Erythropoietin Protects Against Lipopolysaccharide-Induced Microgliosis and Abnormal Granule Cell Development in the Ovine Fetal Cerebellum

Annie R. A. McDougall, Nadia Hale, Sandra Rees, Richard Harding, Robert De Matteo, Stuart B. Hooper, Mary Tolcos

Erythropoietin (EPO) ameliorates inflammation-induced injury in cerebral white matter (WM). However, effects of inflammation on the cerebellum and neuroprotective effects of EPO are unknown. Our aims were to determine: (i) whether lipopolysaccharide (LPS)-induced intrauterine inflammation causes injury to, and/or impairs development of the cerebellum; and (ii) whether recombinant human EPO (rhEPO) mitigates these changes. At 107 ± 1 days gestational age (DGA; ~0.7 of term), fetal sheep received LPS (~0.9 μg/kg; i.v.) or an equivalent volume of saline, followed 1 h later with 5000 IU/kg rhEPO (i.v.) or an equivalent volume of saline (i.v.).
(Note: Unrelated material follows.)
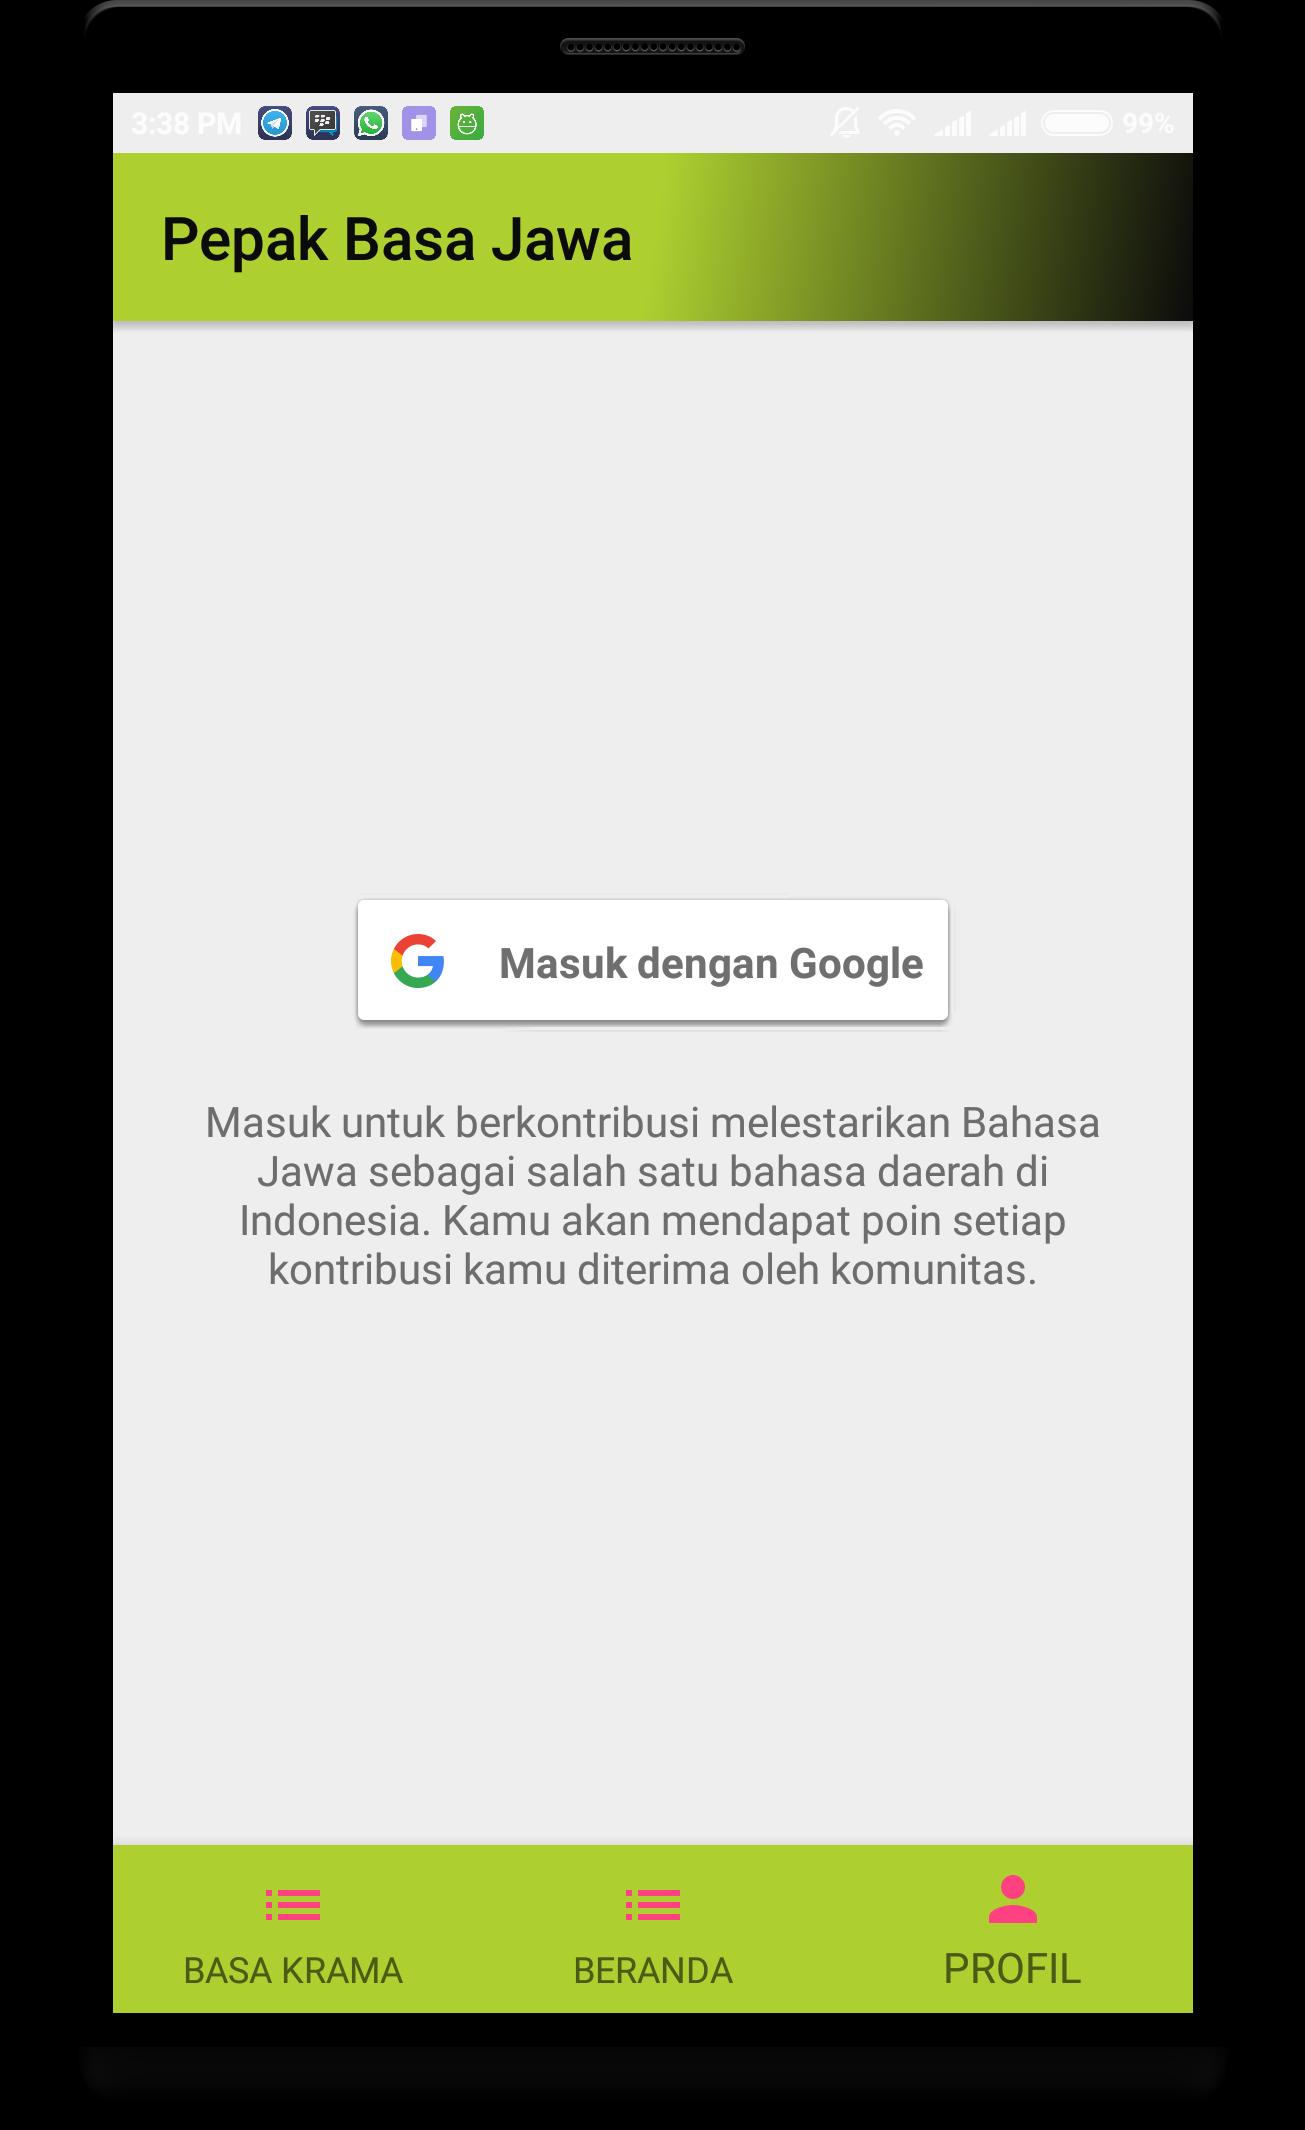 Pepak Basa Jawa for Android - APK Download

This generated the following experimental groups: control (saline + saline; n = 6), LPS (LPS + saline, n = 8) and LPS + rhEPO (n = 8). At necropsy (116 ± 1 DGA; ~0.8 of term) the brain was perfusion-fixed and stained histologically (H&E) and immunostained to identify granule cells (Neuronal Nuclei, NeuN), granule cell proliferation (Ki67), Bergmann glia (glial fibrillary acidic protein, GFAP), astrogliosis (GFAP) and microgliosis (Iba-1). In comparison to controls, LPS fetuses had an increased density of Iba-1-positive microglia (p < 0.005) in the lobular WM; rhEPO prevented this increase (p < 0.05). The thickness of both the proliferative (Ki67-positive) and post-mitotic zones (Ki67-negative) of the EGL were increased in LPS-exposed fetuses compared to controls (p < 0.05), but were not different between controls and LPS + rhEPO fetuses. LPS also increased (p < 0.001) the density of granule cells (NeuN-positive) in the internal granule layer (IGL); rhEPO prevented the increase (p < 0.01). There was no difference between groups in the areas of the vermis (total cross-section), molecular layer (ML), IGL or WM, the density of NeuN-positive granule cells in the ML, the linear density of Bergmann glial fibers, the areal density or somal area of the Purkinje cells, the areal coverage of GFAP-positive astrocytes in the lobular and deep WM, the density of Iba-1-positive microglia in the deep WM or the density of apopotic cells in the cerebellum. LPS-induced intrauterine inflammation caused microgliosis and abnormal development of granule cells. rhEPO ameliorated these changes, suggesting that it is neuroprotective against LPS-induced inflammatory effects in the cerebellum.